2. There are only so many resources in any one organization’s bucket. We’ve spent most of our resources chasing after diversionary issues like this one. Real Estate is an industry in peril. Get used to it and address what we can of the real problems we’re all facing. Examine the dead elephant in the room—the corpse is getting smellier and smellier.
I’m at a loss as to why a simple, modest reform proposal would require some huge investment of resources. I’m also at a loss as to why failing to address the question of who is the MLS’s customer (and far more broadly, what role each entity serves in the industry-in-peril that is real estate) is a benefit to examining the dead elephant in the room. For that matter, I suppose I’m curious what the dead elephant is.
3. The current MLS dependency on single vendor relationships is one of our biggest weaknesses. Our vendors need to stay in business, sometimes at the expense of innovations which members require and technology makes possible. Data collection and information extraction, interpretation, and presentation are different things. It’s best if MLSs are not tied to a one solution provider for all of these functions.
I can agree with this 100%, but see nothing in my post that suggests MLS should only have a single vendor. Furthermore, I see no reason why a MLS can not both understand who its customer is, and go reduce reliance on a single vendor.
4. As MLSs, some of our most pervasive problems come from the NAR organization itself. The issues of who should be members of the real estate business community is tied to licensing structures and job descriptions which are outdated at best, and NAR’s insistence on antiquated geographical boundaries for servicing members’ professional needs has consumed an inordinate amount of our collective resources.
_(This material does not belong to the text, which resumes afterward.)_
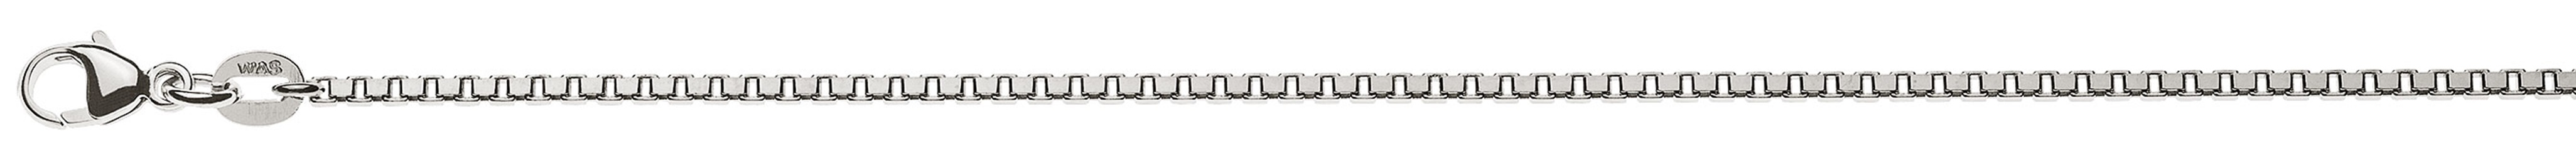 AURONOS Prestige Halskette Weissgold 18K Venezianerkette diamantiert 45cm 1.6mm

Again, I can agree with this 100%, and see no reason why “broker pays” is incompatible with reform in NAR. I assume this is an issue Judith is passionate about, and wish her much luck in addressing it. I can only imagine improvements here would help everyone out.
That Didn’t Help Me At All, Rob
A final note. I did not set out in my first post, nor in this one, to provide actual solutions to actual issues a MLS might be dealing with. Instead, I set out to suggest a method that might help organizations come up with actual solutions to actual problems. To me, clarifying the difference between customer and stakeholder, and then aligning the customer with the one stakeholder who has (I thought) the copyright to the data, provides the framework for thinking through the actual problems to find actual solutions.
But to the extent that anyone was seeking direct answers to their burning questions — as Victor Lund points out, “discuss something with a little more meat – how about Associations that pay NAR for ghost members to keep votes and seats at convention” — I apologize for failing to be helpful. I admit freely that I have no answers to ghost member corruption problem at NAR. But then, if you’ve been around a bit, you know I write this blog for myself, not for you, right?
And even to those MLS’s that do currently bill only the broker, that sets the groundwork for the real conceptual work ahead. Billing the broker certainly helps clarify who the customer is, but it doesn’t mean much if the MLS organization itself does not recommit to thinking of the broker as the customer, rather than just the administrative means by which it collects payment from its real customers. No, the conceptual framework necessary is just answering that question: Who is the customer? Then using that answer to think through complex issues and problems to see if answers can be found.
Much appreciate the discussion and debate, both here on Notorious and elsewhere.